Editor's Note: Combining his passions for the markets, humor and food, "What's cookin' with Kenny Polcari" is a blog published twice weekly on CNBC.com. With more than 30 years of experience on Wall Street, Polcari provides insight and analysis on the markets, as well as a recipe du jour. Buon appetito!
The saga known as the Federal Open Market Committee meeting begins today and runs through tomorrow. All the speculation for the past five months that this is the meeting that so many assume will be the beginning of the end for quantitative easing—or will it?
Monday's stock market action would indicate otherwise. With the withdrawal of former Treasury Secretary Larry Summers as a candidate for chairman of the Federal Reserve, investors around the world are betting that if President Barack Obama nominates Fed Vice Chair Janet Yellen, her monetary policy will remain more accommodative.
(Read more: Is Yellen a sure thing at Fed?
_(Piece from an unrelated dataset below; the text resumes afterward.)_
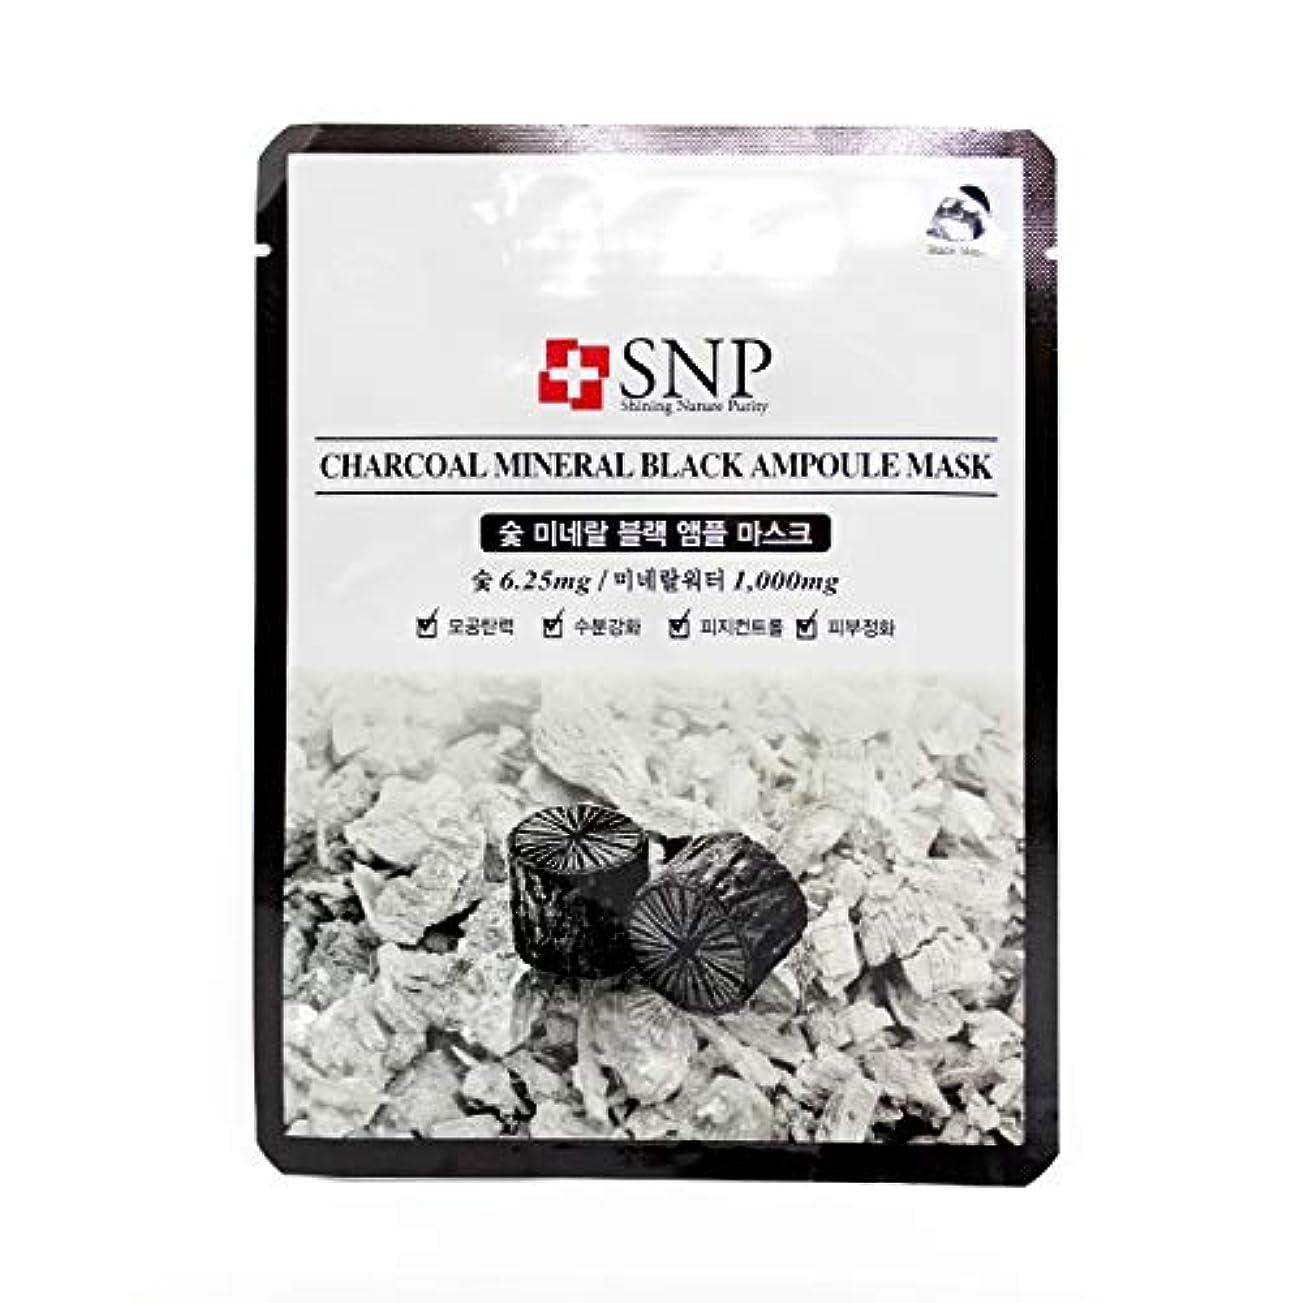 急流抽出博物館SNP エスエヌピー 炭 ミネラル ブラック アンプル マスク 10枚セット

Maybe...maybe not)
After all, stocks spiked on news that Summers is no longer vying to lead the Fed, leading Wall Street to wonder whether this was a "Summers dropout rally" or a "Yellen all in rally"? Was it real buying or the shorts that ran for cover, as they had been betting against this market for a bit?
I would suggest it was both—new money forcing the shorts to pay higher and higher prices. The message: Do not fight the Fed!
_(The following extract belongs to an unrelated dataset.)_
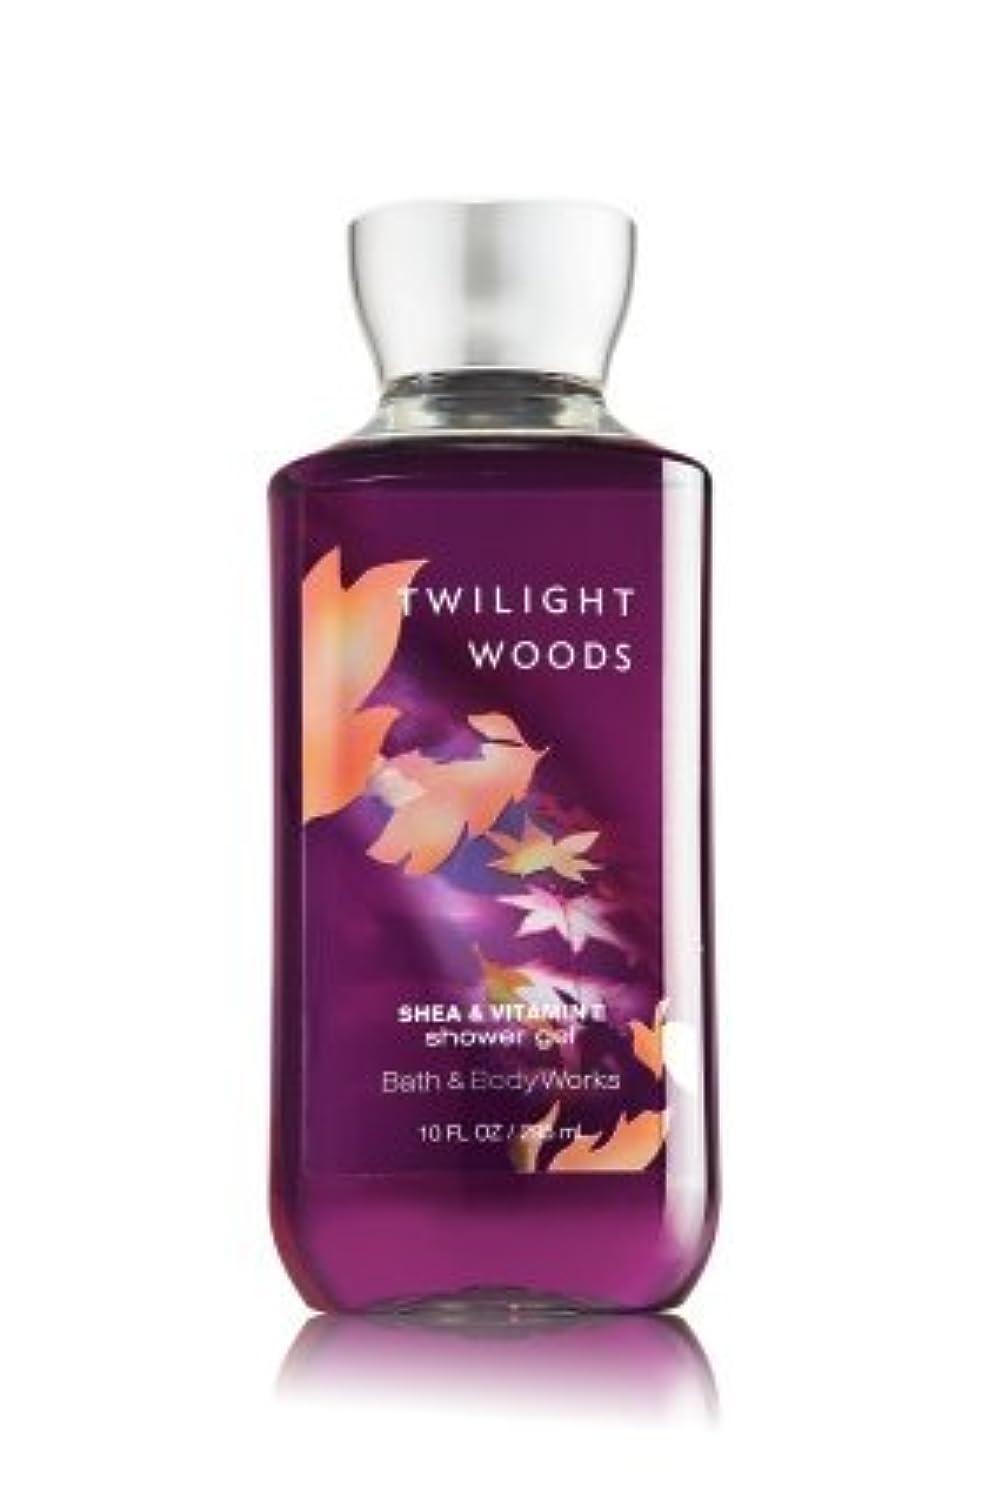 痛み徴収異常【Bath&Body Works/バス&ボディワークス】 シャワージェル トワイライトウッズ Shower Gel Twilight Woods 10 fl oz / 295 mL [並行輸入品]

All this fawning over Yellen has likely caused her to blush—you know, turning pink, which makes for the perfect dish: pasta and pink sauce (but more on that later).
Stocks continued to rally Tuesday, as the Fed statement will be keenly watched amid expectations of a $10 billion reduction in Treasury purchases, leaving mortgage purchases at current levels to continue to support housing. Uncle Benny is trying to convince the markets that any tapering does not equate to tightening of credit.
Hmmm. That is not the message being heard by the market. Any talk of a reduction in purchases has caused bonds to come under pressure and yields to go higher. This is the dilemma that the Fed now faces. The jump in the long end of the curve has already affected housing and, as we found out last week, is causing thousands of layoffs at Bank of America, Wells Fargo and JPMorgan Chase.
That's exactly the opposite of what the Fed intended. Higher borrowing costs caused new-home sales to plummet by 13 percent in July while mortgage applications continue to fall, forcing some analysts and strategists to cut back on the amount of tapering ($20 billion to $10 billion) that they had anticipated, while others do not expect any move at all.
(Read more: Market sees $15 billion Fed taper soon: CNBC survey)
Last week we learned that retail sales slowed considerably in August, and early forecasts for the Christmas shopping season are already weak. Many expect it to be the worst since 2009, causing retailers to offer deep discounts early in the season, which by all accounts has already begun. Some will say that it is way too early to make such a prediction, but it is not just pie in the sky.
Just consider the weak retail sales report last week, anemic back-to-school results, Walmart Stores and Macy's warning on forward guidance, KMart already promoting its layaway service and Toys "R" Us offering 20 percent off to shoppers who visit (and buy) before Sept. 21.
The kicker—those Jos. A. Bank commercials that advertise a promotion something along the lines of buy one suit, get four free. So do they count it as one sale, or five sales for reporting purposes? I'm just sayin' ...
The euphoria from Monday's market has faded a bit. Global markets giving back some of the gains as investors realize that the picture remains cloudy while they await news from the Fed. Expectations around the world are for a reduction in purchases. I still don't see how they will justify it based on the metrics outlined by Bernanke that are nowhere near being met, but if they talk about it enough, the hope is that markets will get used to the idea.
The concern will be how he positions it. Will he leave the door open to 'turn the spigot' on again in the event of a substantial slowing? If he does, would it undermine the Fed's credibility? Will it send the message to investors that "it ain't all coming up roses?"
(Read more: 'Out of control' Fed should be abolished: McNealy)
As much as the market moved higher over the past two weeks, you can feel the edge of nervousness—and yet no one wants to be the first one out the door. The Dow and S&P are now testing resistance at the all-time highs, but they also have become a bit overextended relative to their 200-day moving average and with a debt ceiling confrontation and Fed action on the horizon.
A correction back to 1,625 not only would be healthy but would set us up for the next move higher as investors adjust their long-term outlook. And a Yellen appointment will only serve to give investors the comfort level they need.